治療で生殖能力に問題が出るかもしれないし、相手もいなくなってしまったし。

となると、僕も誰かに想いを託して死ぬしかない。


女性を幸せにしたいという想いがずっとある。

(おそらく自分自身が女性的過ぎて男性の価値観よりも女性の価値観に共感してしまうからだと思う)

未だに達成できたことがないけど。

前の恋人には脳腫瘍発覚でフラレてしまったので、最後の恋人にはなってもらえなかった。


僕一人で世界中の女性を幸せにするのは無理がある。

100年生きるとしても、30億人全員を相手にすると一人あたり約1秒しか使えない。

となると、いい男(=女を幸せにできる男)を増やすしかない。

そんなこんなで、恋愛の情報発信をやっているわけだけど、まだやれることをやりきった感は全然ない。



死ぬ気がしない

前から言っているように不思議と死ぬ気がしない。

病気になってから本当に不思議なくらい最新の治療ができるドクターと次々と出会う。

みえない何かから「まだお前にはやることがあるから死ぬな」と言われている気がする。


現代医学だとこれくらいで死ぬ確率が高いというデータは出る。

だが、それは”現代”の医学の話、つまり日本の保険診療で使える古い医学の話だし、確率論でしかない。

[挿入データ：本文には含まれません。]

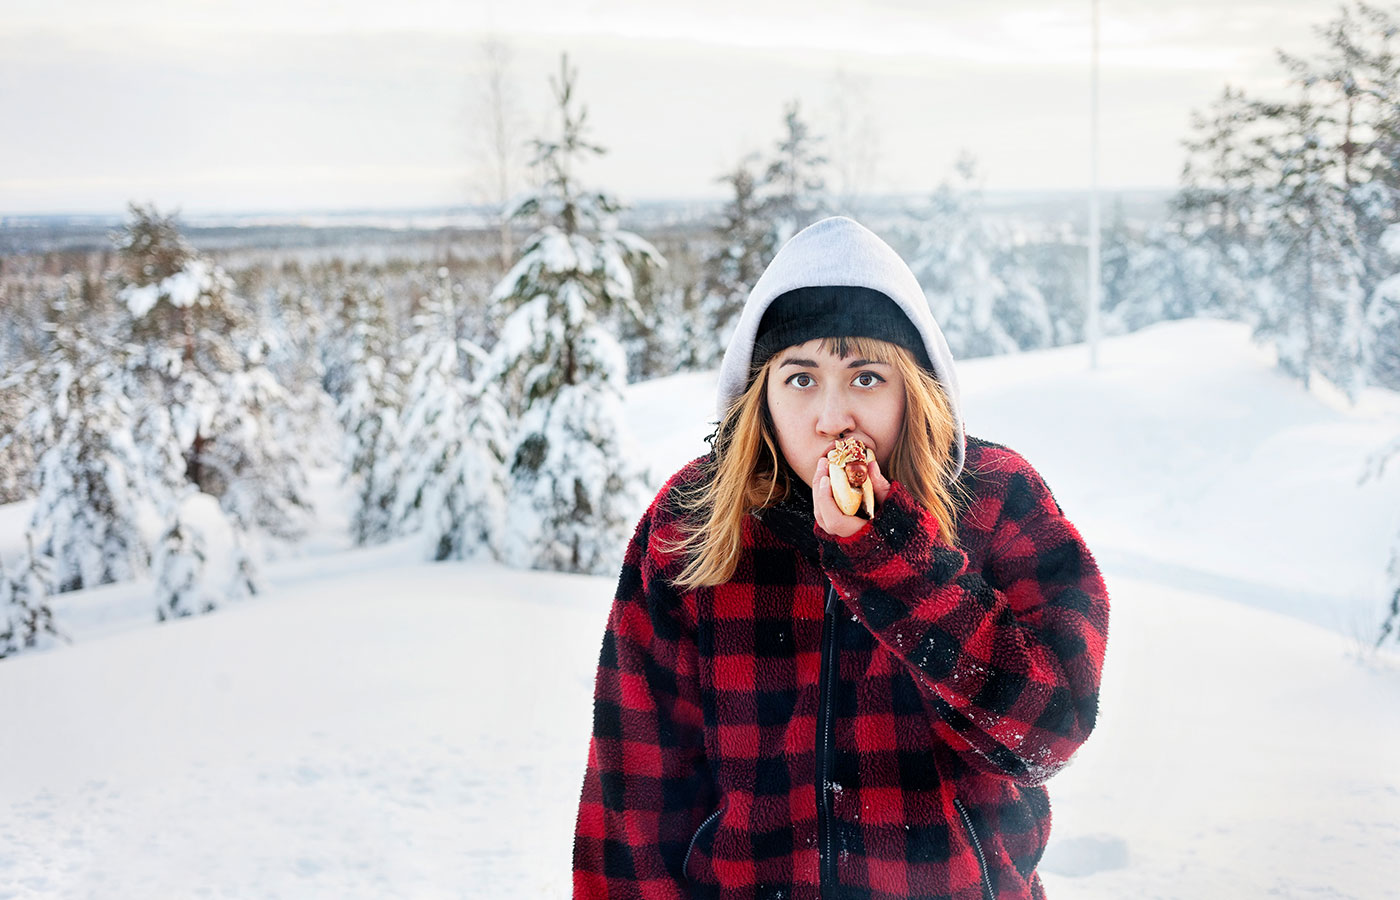 A girl eating sausage among the snowy mountains Image ID: scandinav_eq6p
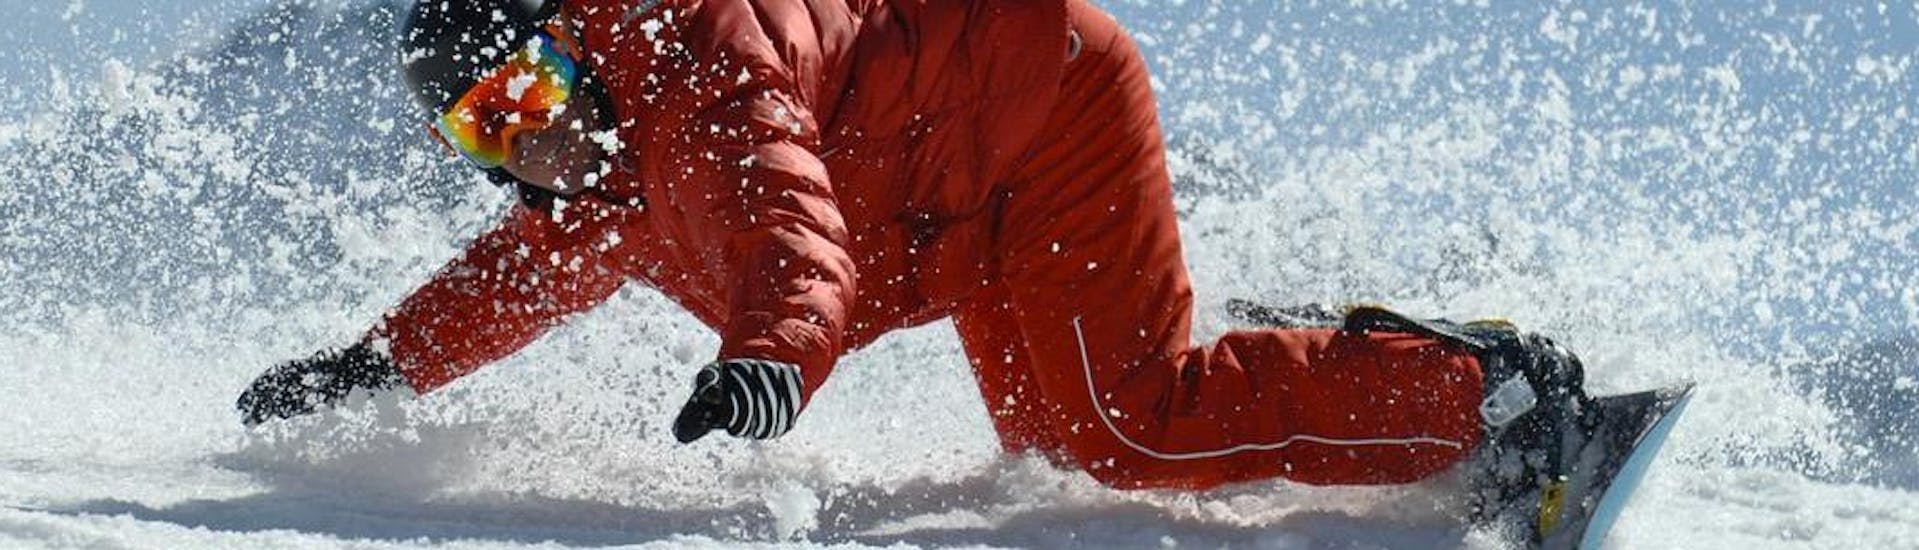 Ein Snowboarder meistert seine Frontside- und Backside-Turns während des privaten Snowboard-Kurses der von einem Team der ESF Val d'Isère zugeschnitten wurde - Für alle Levels und Altersgruppen.

つまり、最新の治療でどうなるのかはわからないし、そもそも2年後は半分以上の人は死んでるのかもしれないけど、生きている人もいるわけで。


やりたいようにやって死ぬならそれでいい。

もちろん、やれる治療はもちろん全部やる。

それでも死ぬんだったら、もう今生での自分の役目は既に果たしていているってことだろう。

これで生き延びたら、それは神がまだ俺に何かをさせようとしてるってことだろう。


この記事が気に入ったらサポートをしてみませんか?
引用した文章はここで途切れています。